Source material:

_ _ _ _ _ _ _

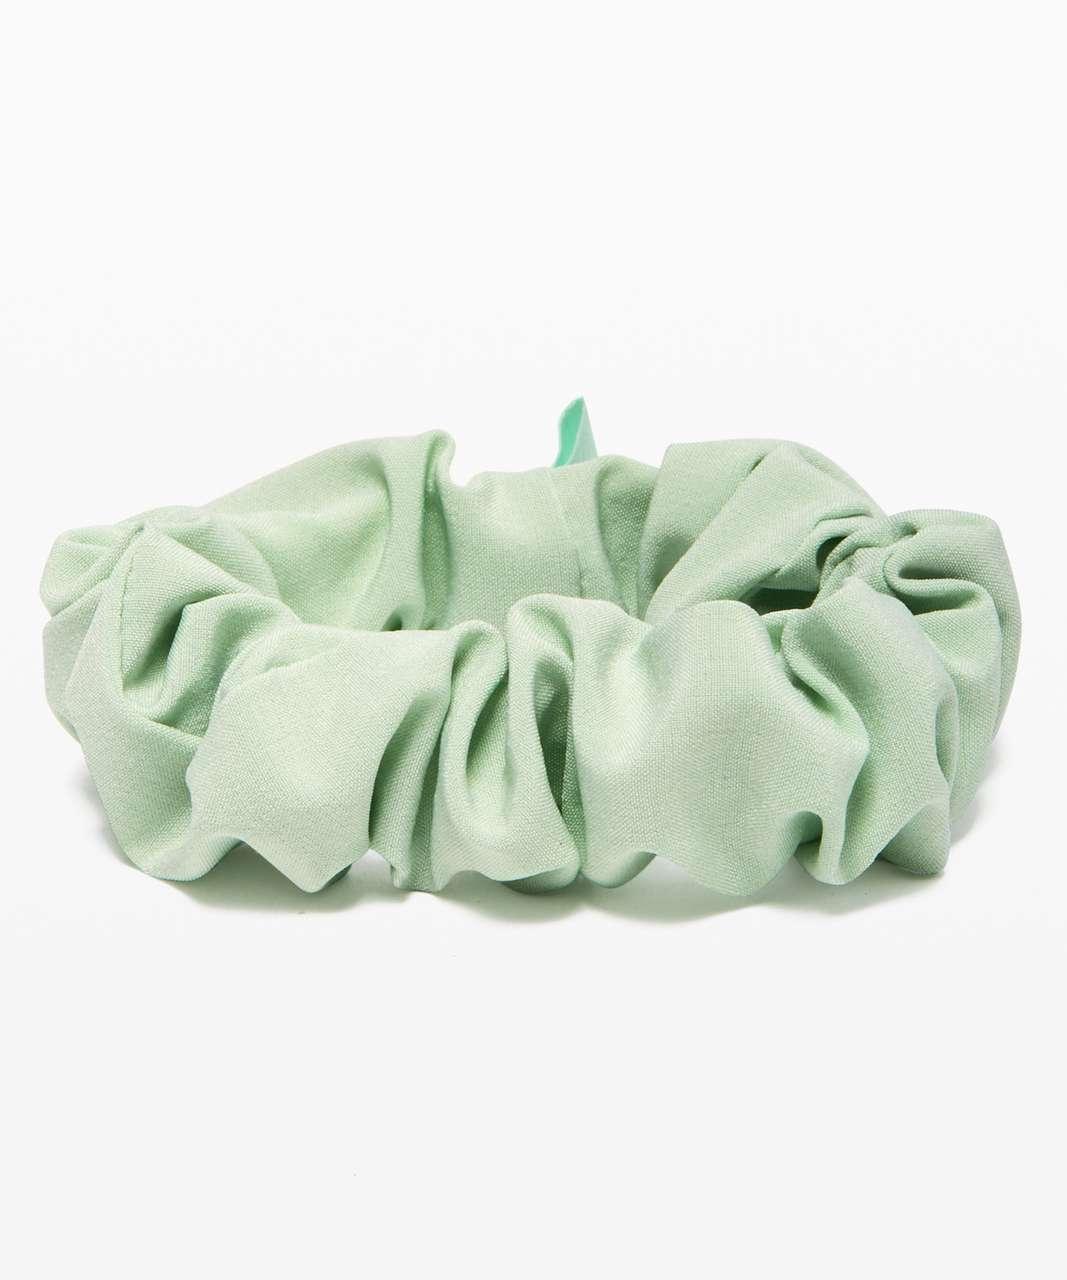 Lululemon Uplifting Scrunchie - Mystic Mint
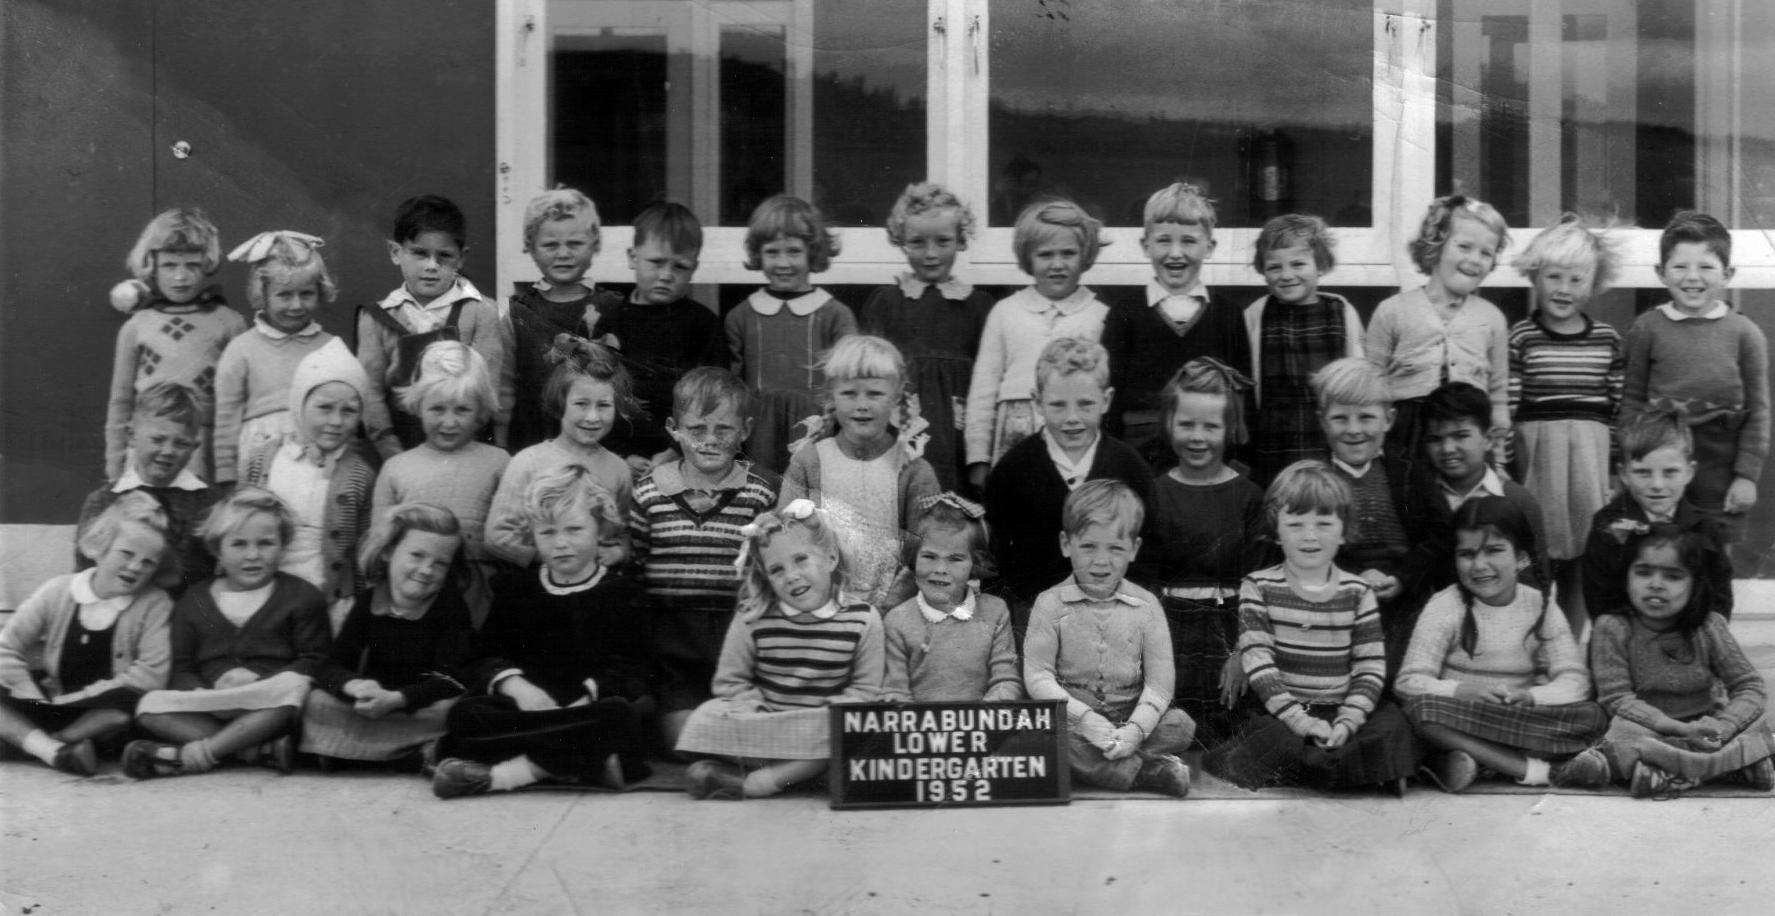 Narrabundah Infants School
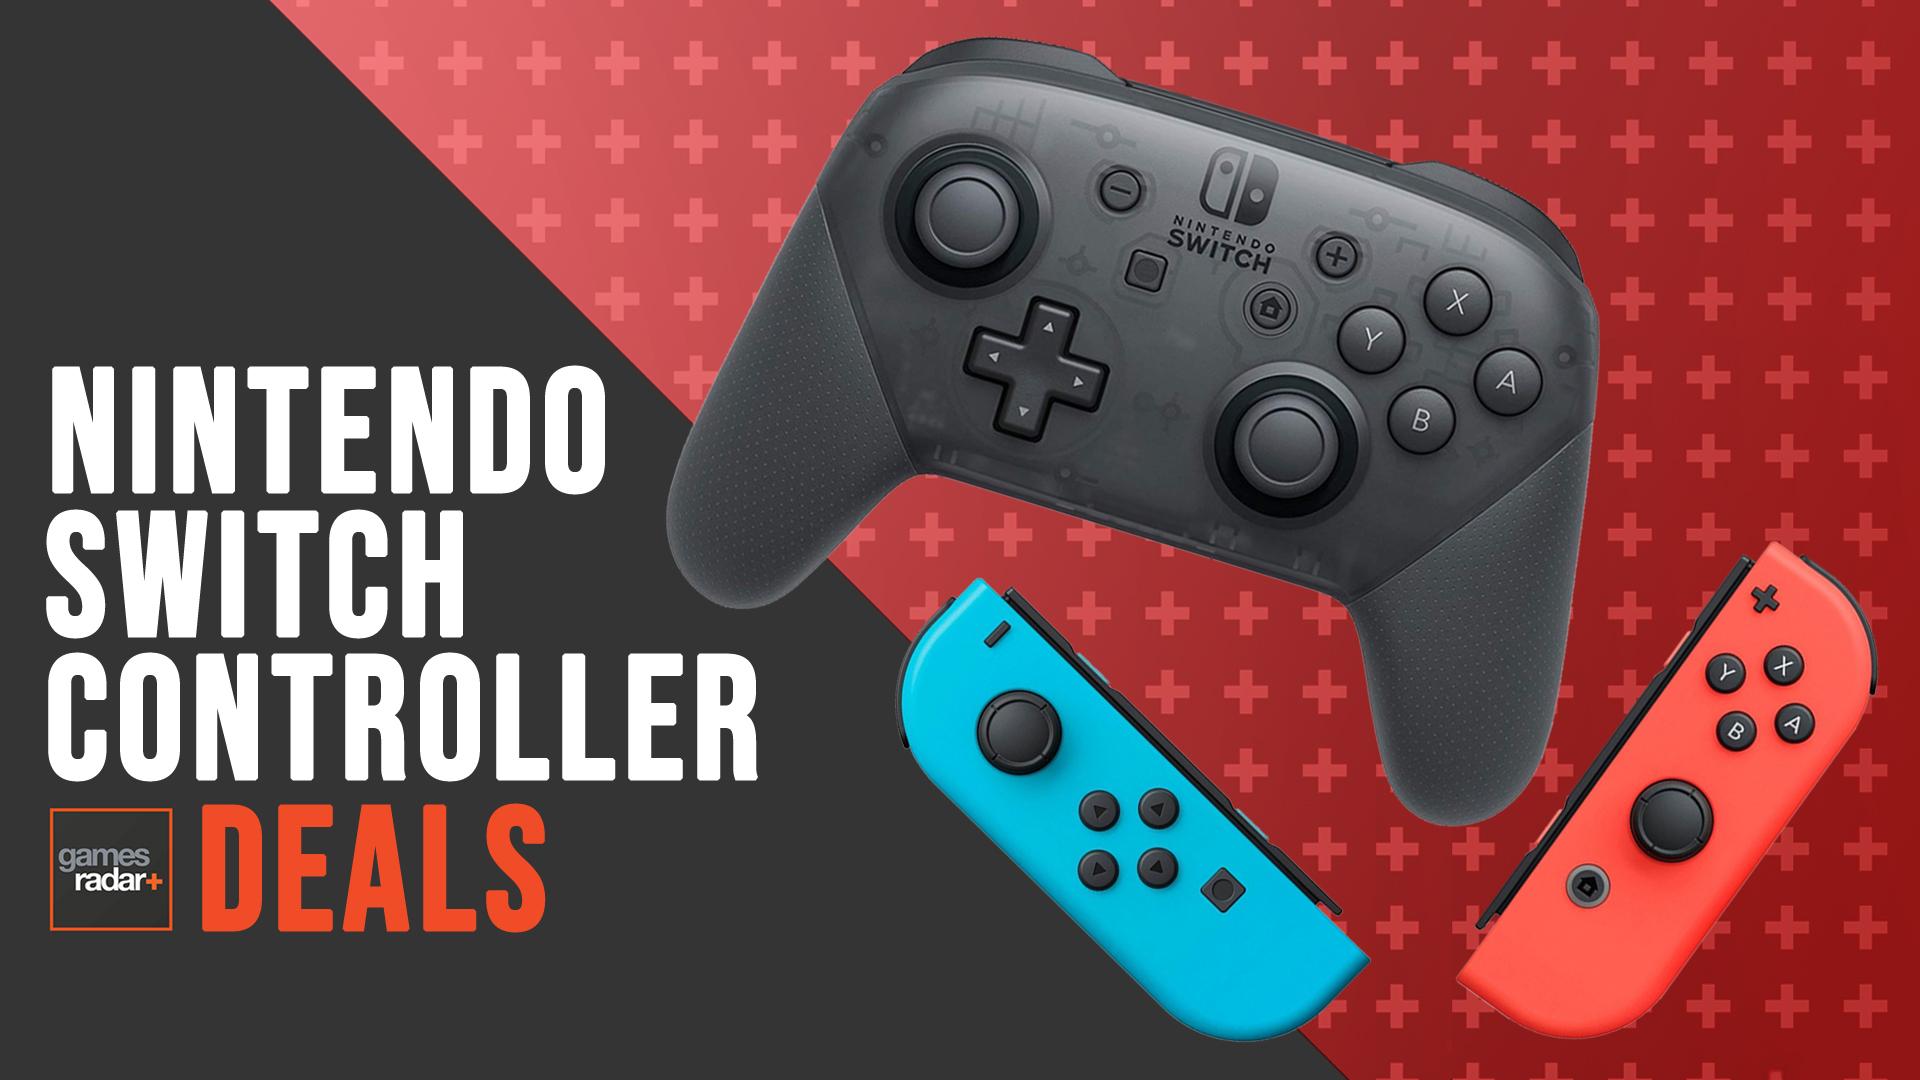 Cheap Nintendo Switch Controller Deals Offers On Joy Cons And Pro Models Gamesradar

_ _ _ _ _ _ _

What you are asked to do: The final stretch of the data, from the line with "Narrabundah Infants School" through its last line, is to be retyped exactly; pictures are not part of the copy.

Exercise output:
 Narrabundah Infants School
 Cheap Nintendo Switch Controller Deals Offers On Joy Cons And Pro Models Gamesradar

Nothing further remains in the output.